Experience indicates that delayed adjustment forced by
markets can be more costly and disruptive than measures promptly taken.
There is, therefore, a greater need for continuous policy review by all
countries and for the Fund to participate more fully in the process.
In the interest of stabilising the international
economic situation, the IMF should strengthen its surveillance over
industrial countries. Financial policies of the major industrial countries
determine to a large extent the stability of the international capital
markets and a lack of balance in their macro-economic policies and
insufficient policy coordination can result in sharp fluctuations in
interest rates and exchange rates. Instability in interest rates and
exchange rates among industrial countries impose costs on developing
countries, owing to their limited opportunities to hedge against movements
in these rates.
Recent events have also clearly demonstrated that
effectiveness of Fund surveillance is predicated on the timely provision
of data. In this behalf it is heartening to learn that the Fund has helped
to develop and disseminate a set of standards regarding the coverage,
frequency and timelines of data, their quality and integrity, and their
availability to the public. Countries subscribing to this special ‘data
dissemination’ standard agree to adhere to these sound practices and to
provide information to the public via an electronic bulletin board on the
Internet provided by the Fund.
The transparency provides market participants with
information needed to form judgments on policies and performance of
subscribing countries and thereby contributes to more informed investment
decisions.
In recent years, the Fund has adopted several measures
to make surveillance more effective with close policy dialogue with
countries and increased focus on countries that were seen to be at risk
and where financial tensions were likely to spill over to other countries.

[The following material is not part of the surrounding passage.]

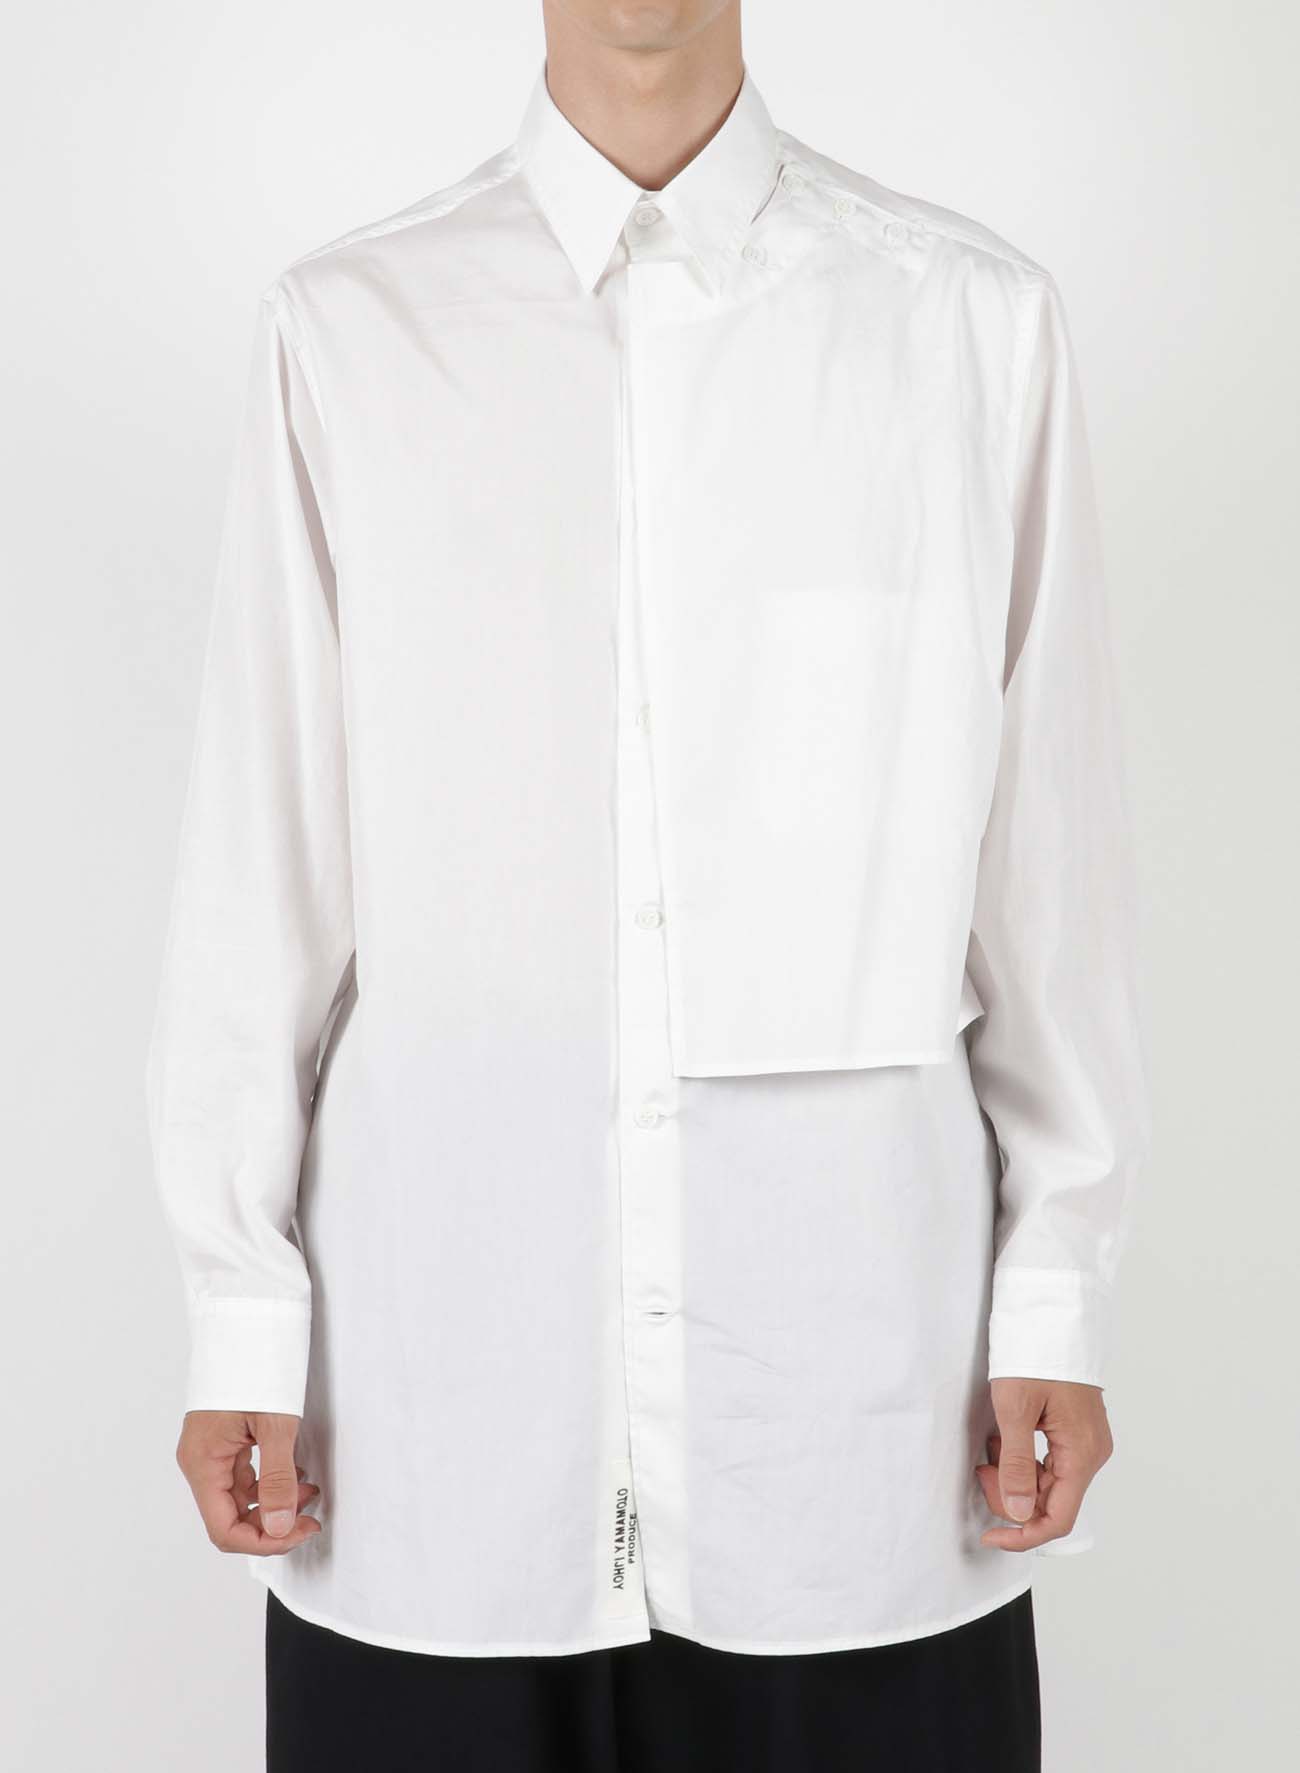 CHAIN STITCH BROAD LEFT FRONT DOUBLE BLOUSE

It is generally recognised that the sound evolution of
the world economy calls for greater attention to new issues and risks. At
the same time, the traditional areas of surveillance should not be
neglected. To make these competitive objectives compatible, the following
principles have been agreed upon by the Fund:
(a) Article IV consultations will concentrate on core
topics directly linked to the Fund’s statutory mandate to exercise
“surveillance over exchange rate policies of members.”
(b) Greater attention will be paid to capital account
developments.
(c) Countries where developments have potential
spill-over effects on others will be more closely watched.
(d) Where important economic policies are formulated
at supra-national level, with potential impact on several economics, the
Fund will continue to strengthen its focus on regional surveillance.